Book review of ” BOMBAY FEVER” By SIDIN VADUKUT

REVIEW BY DR SONAL KALIA

Edited by Vipul Murarka

 After the humour filled dork series, Sidin Vadukut has changed genres and written this book which is a medical thriller interspersed with details about Indianpolitical scenario, journalism and loop holes in the Indian medical system. His narrative is fast paced and gripping in most parts except where he goes into details of Indian politics. In the parts in which he is highlighting politics and the healthcare system it starts to feel like a satire of sorts rather than a typical medical thriller.

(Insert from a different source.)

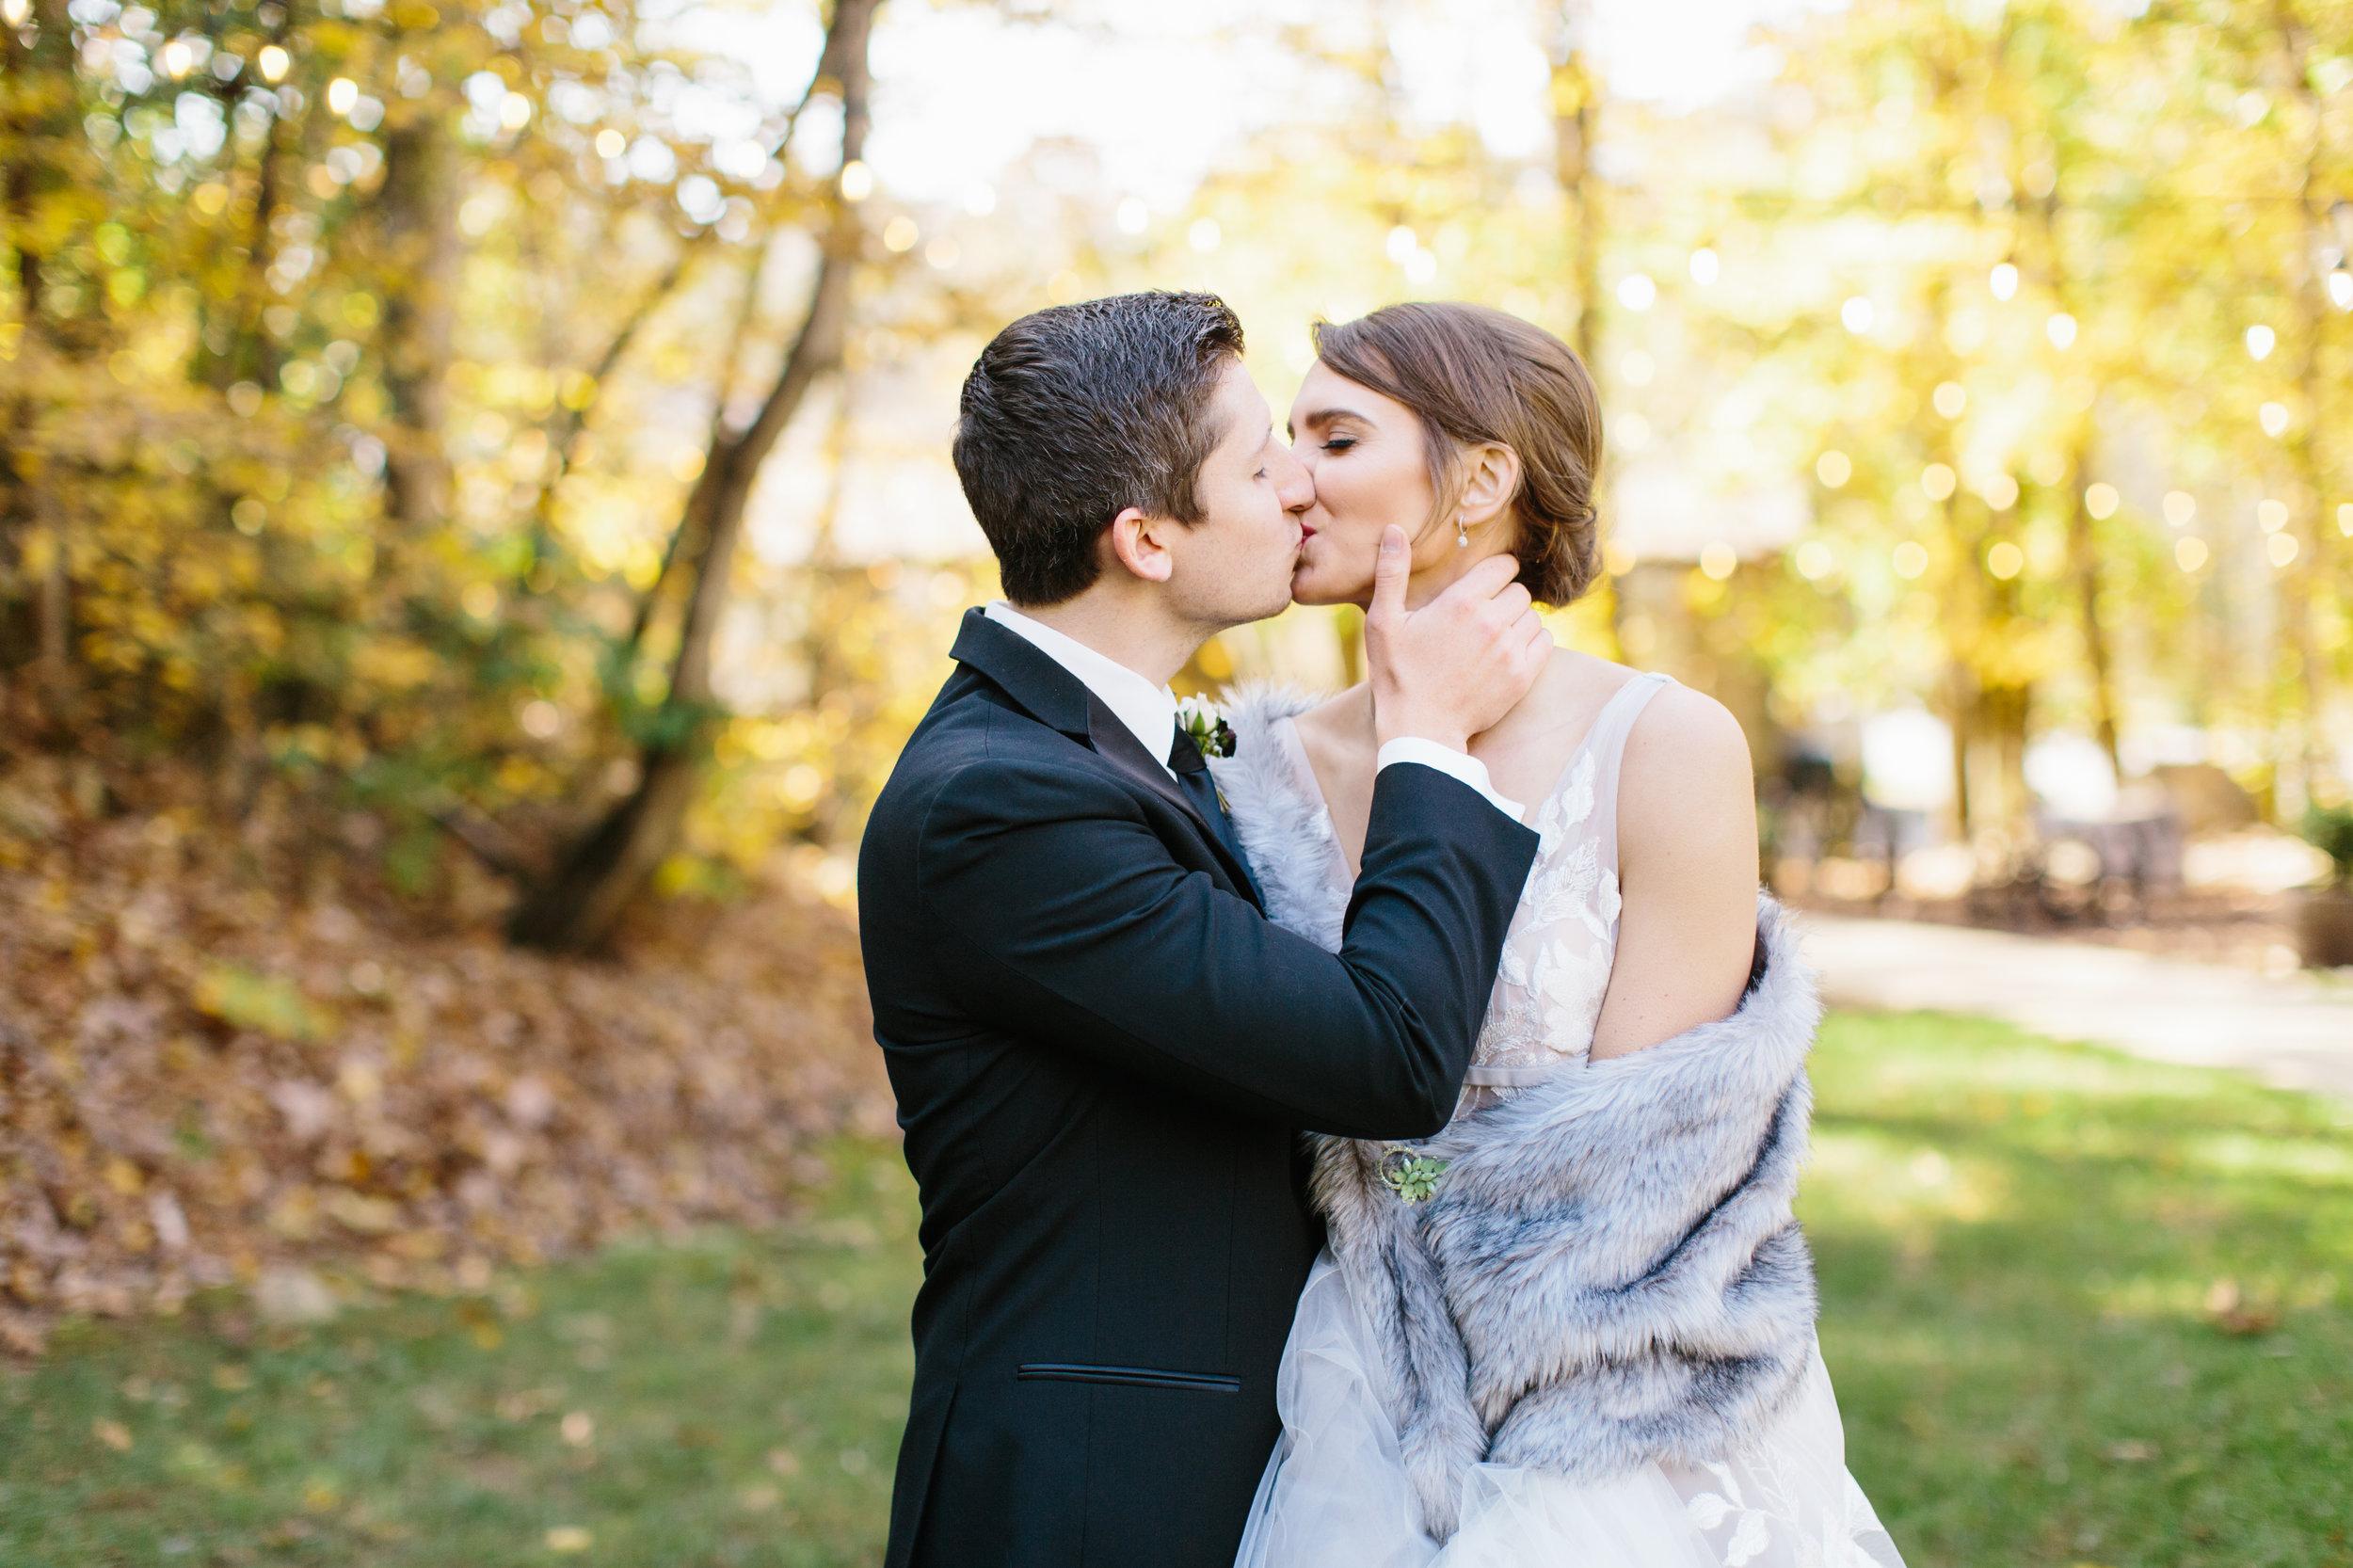 Ellen_Daniel_Wedding_Quarry_Venue_Knoxville_Abigail_Malone_Photography-170.jpg
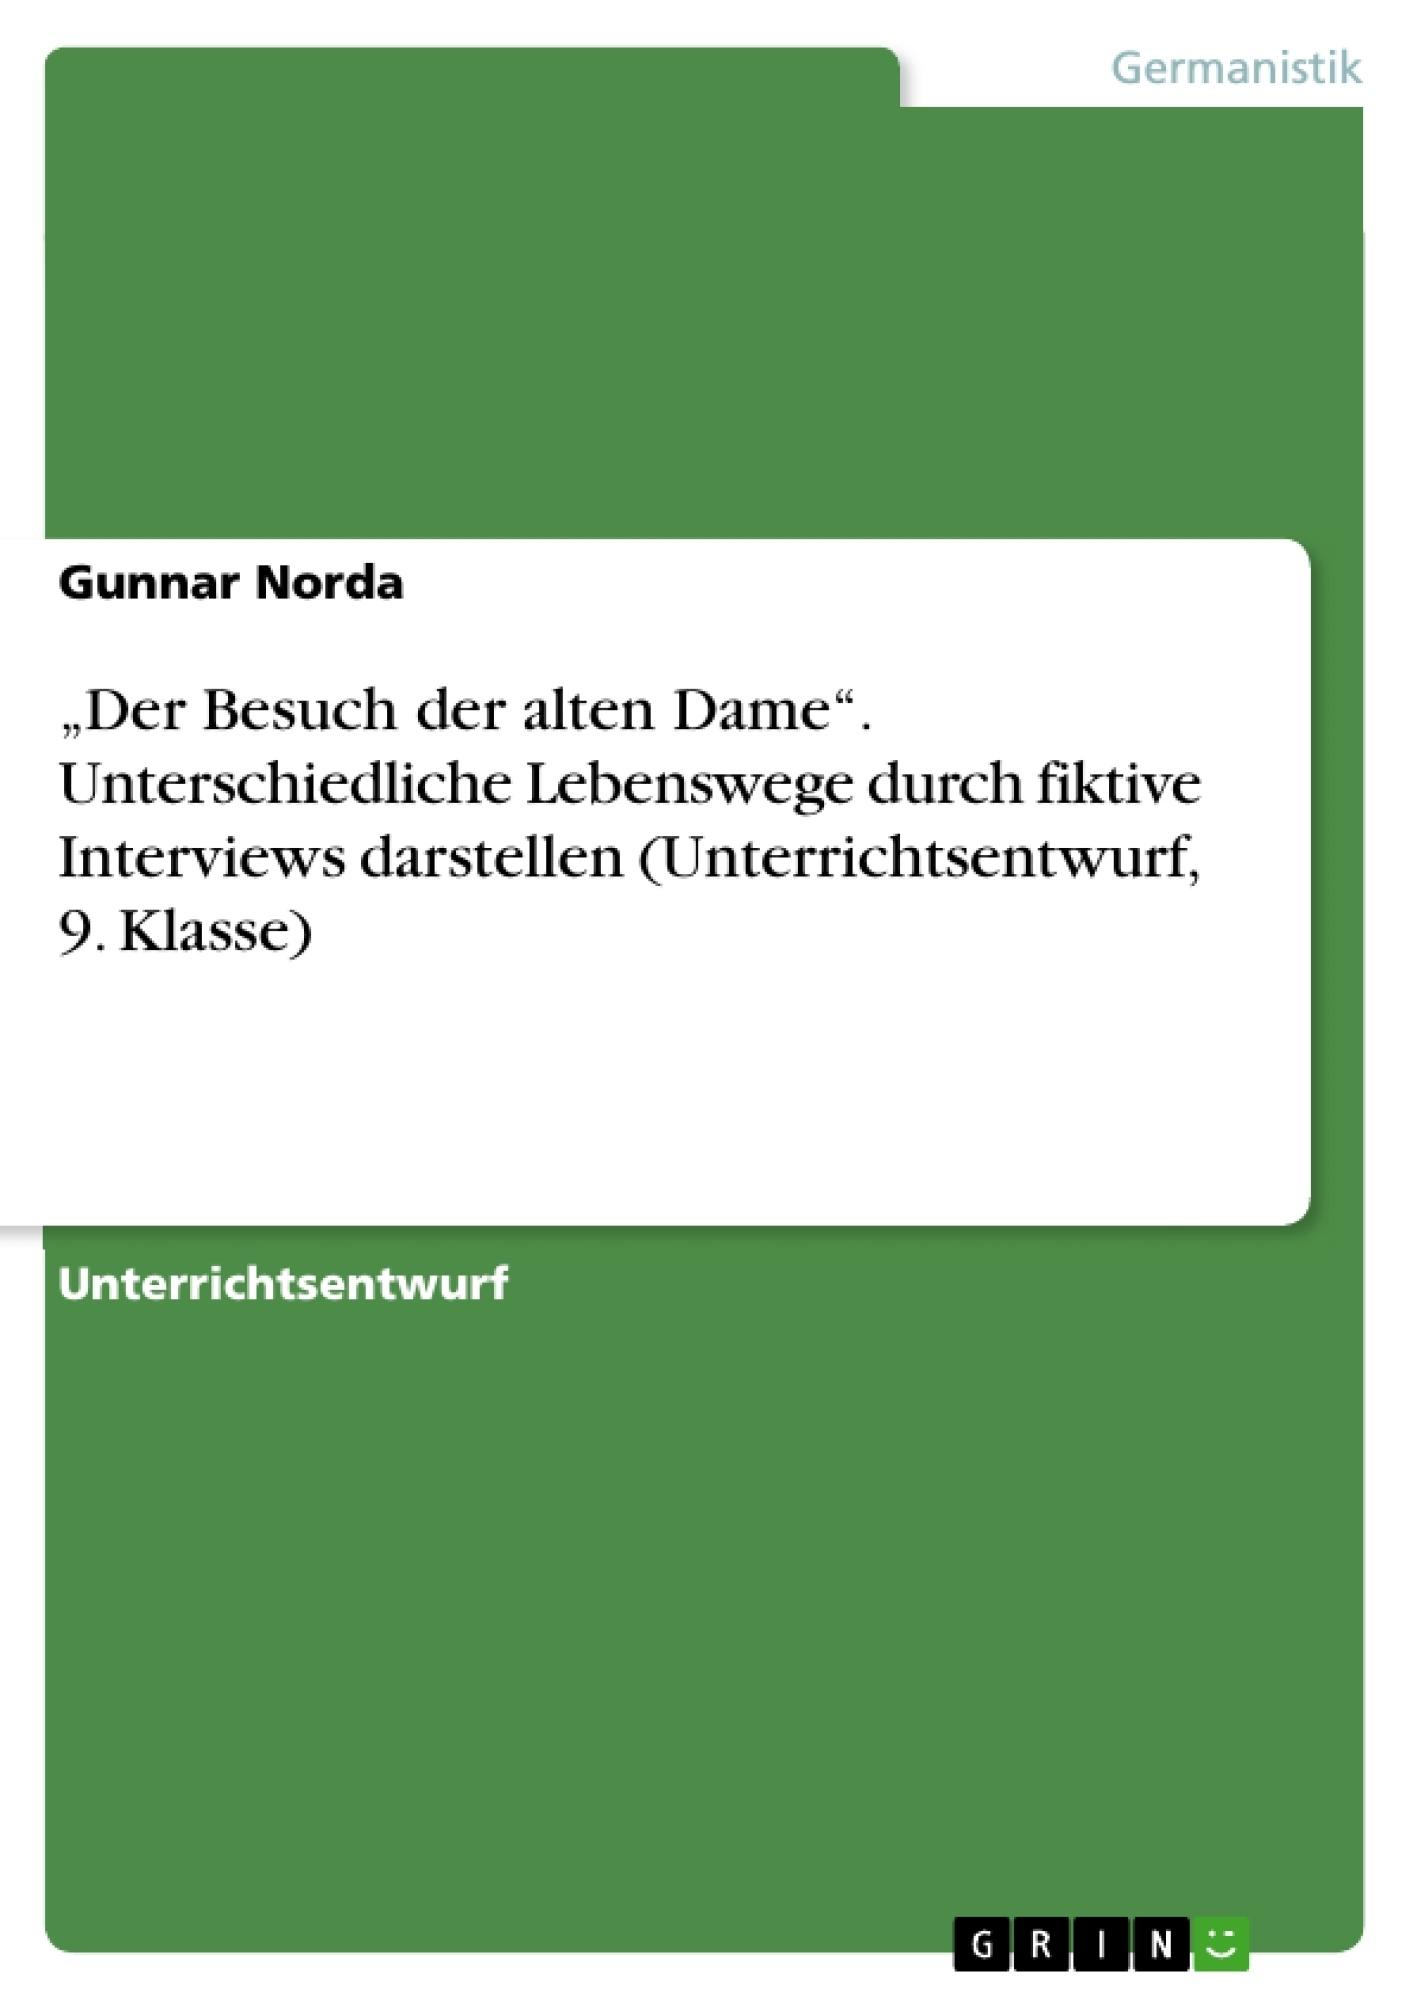 """Titel: """"Der Besuch der alten Dame"""". Unterschiedliche Lebenswege durch fiktive Interviews darstellen (Unterrichtsentwurf, 9. Klasse)"""

 He has created a deadly disease which is not just spreading fast but is killing faster as well. His description of the disease and its manifestations both inside the body and externally visible features are very immaculate. Despite being a doctor, upon pondering that this disease could reach India, the mere thought sent shivers down my spine. So I congratulate the author for creating a unique disease manifestation type in quite a convincing manner. 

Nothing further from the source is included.